> YOUR ASSIGNMENT
Only the lines below from the one containing "I took on the" through the one containing "Lara & Medusa" belong in the answer, set down exactly, with the pictures left out.

> DATA
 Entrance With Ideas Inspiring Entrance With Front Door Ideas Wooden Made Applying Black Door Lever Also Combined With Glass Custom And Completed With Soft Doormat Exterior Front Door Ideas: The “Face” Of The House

==

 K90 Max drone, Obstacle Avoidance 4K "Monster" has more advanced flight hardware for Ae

* * *

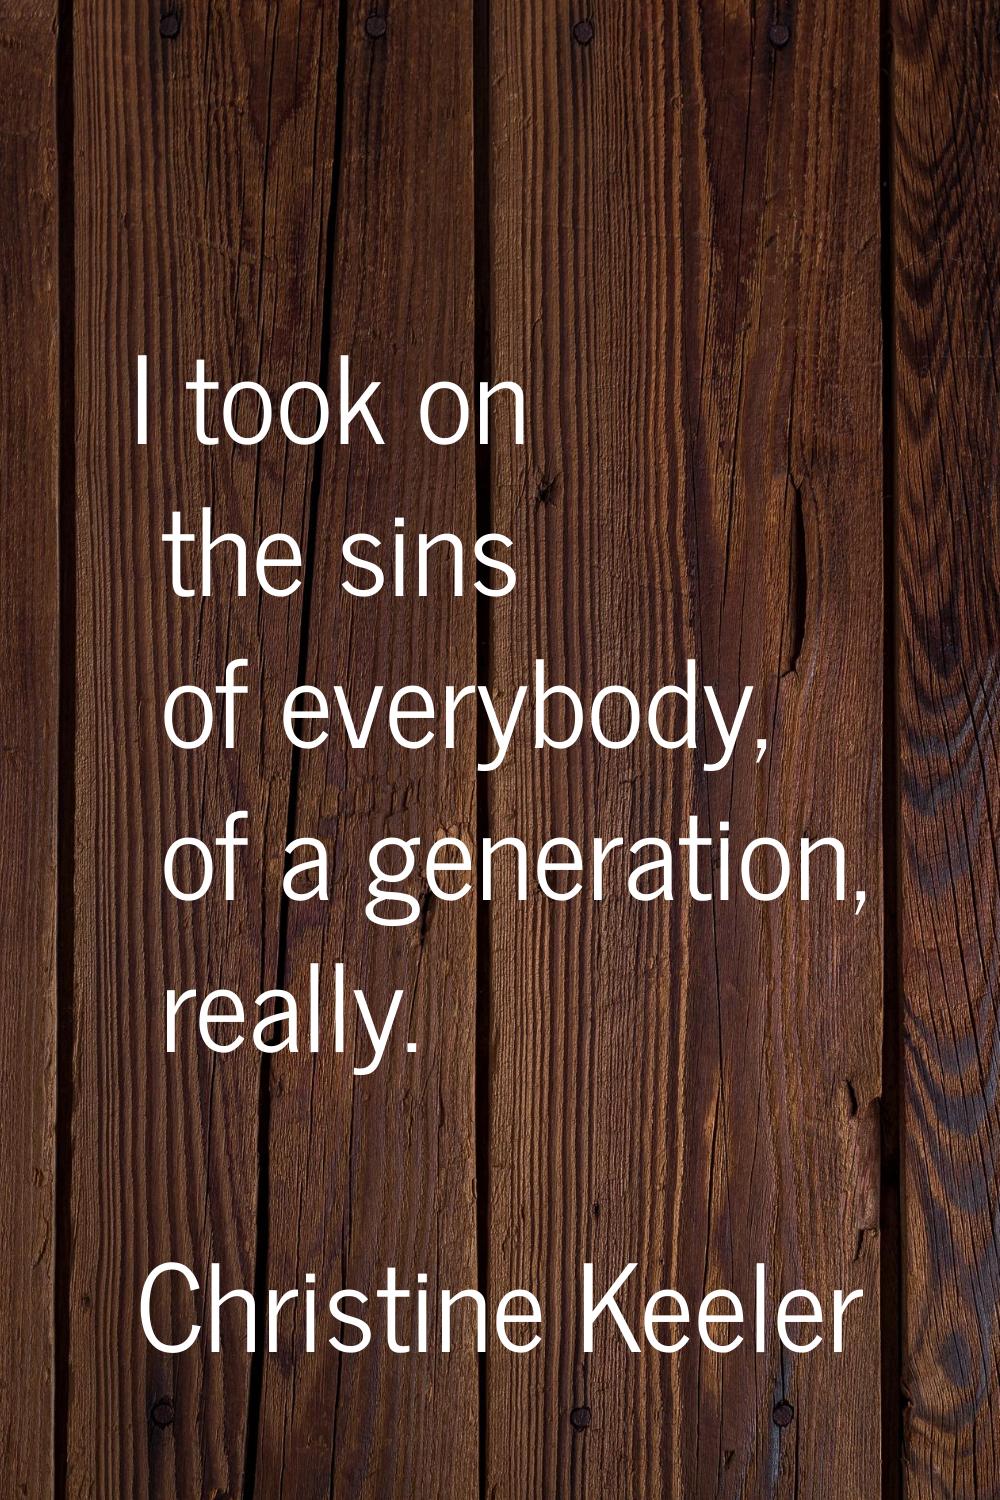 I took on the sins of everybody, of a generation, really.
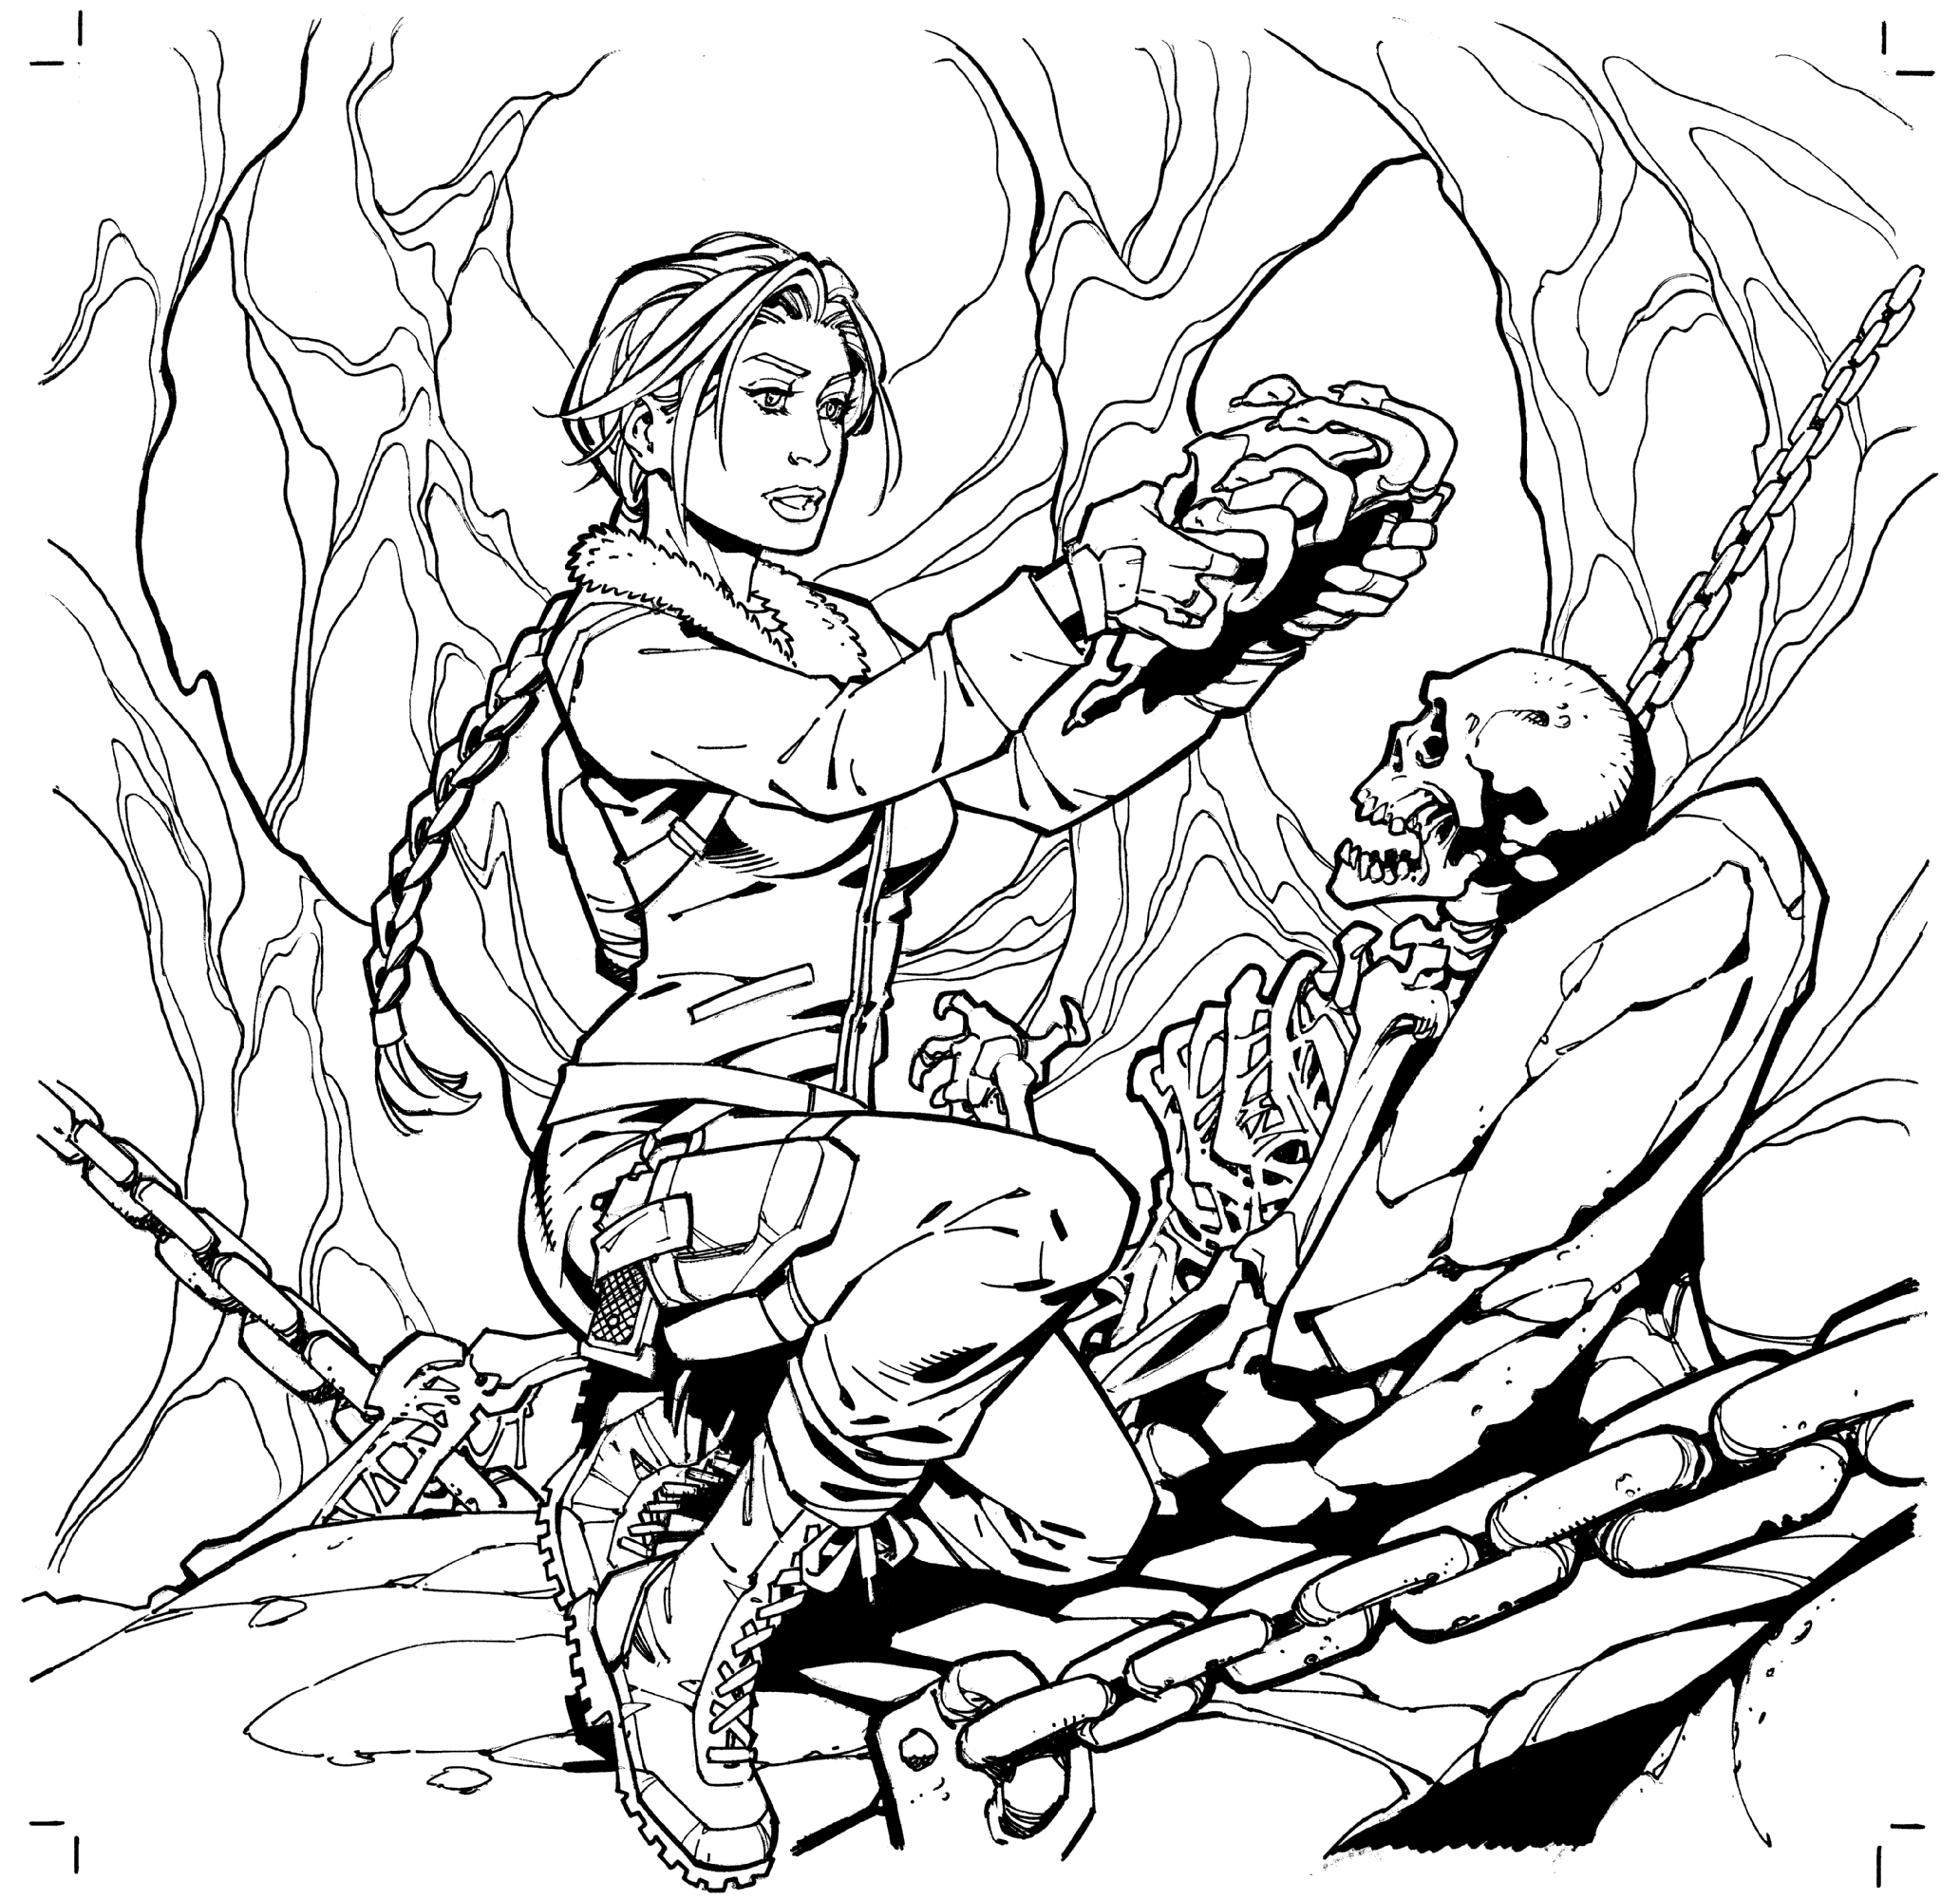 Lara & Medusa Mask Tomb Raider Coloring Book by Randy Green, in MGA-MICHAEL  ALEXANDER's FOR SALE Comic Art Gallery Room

> RESPONSE TO THE TASK
 I took on the sins of everybody, of a generation, really.
 Lara & Medusa Mask Tomb Raider Coloring Book by Randy Green, in MGA-MICHAEL  ALEXANDER's FOR SALE Comic Art Gallery Room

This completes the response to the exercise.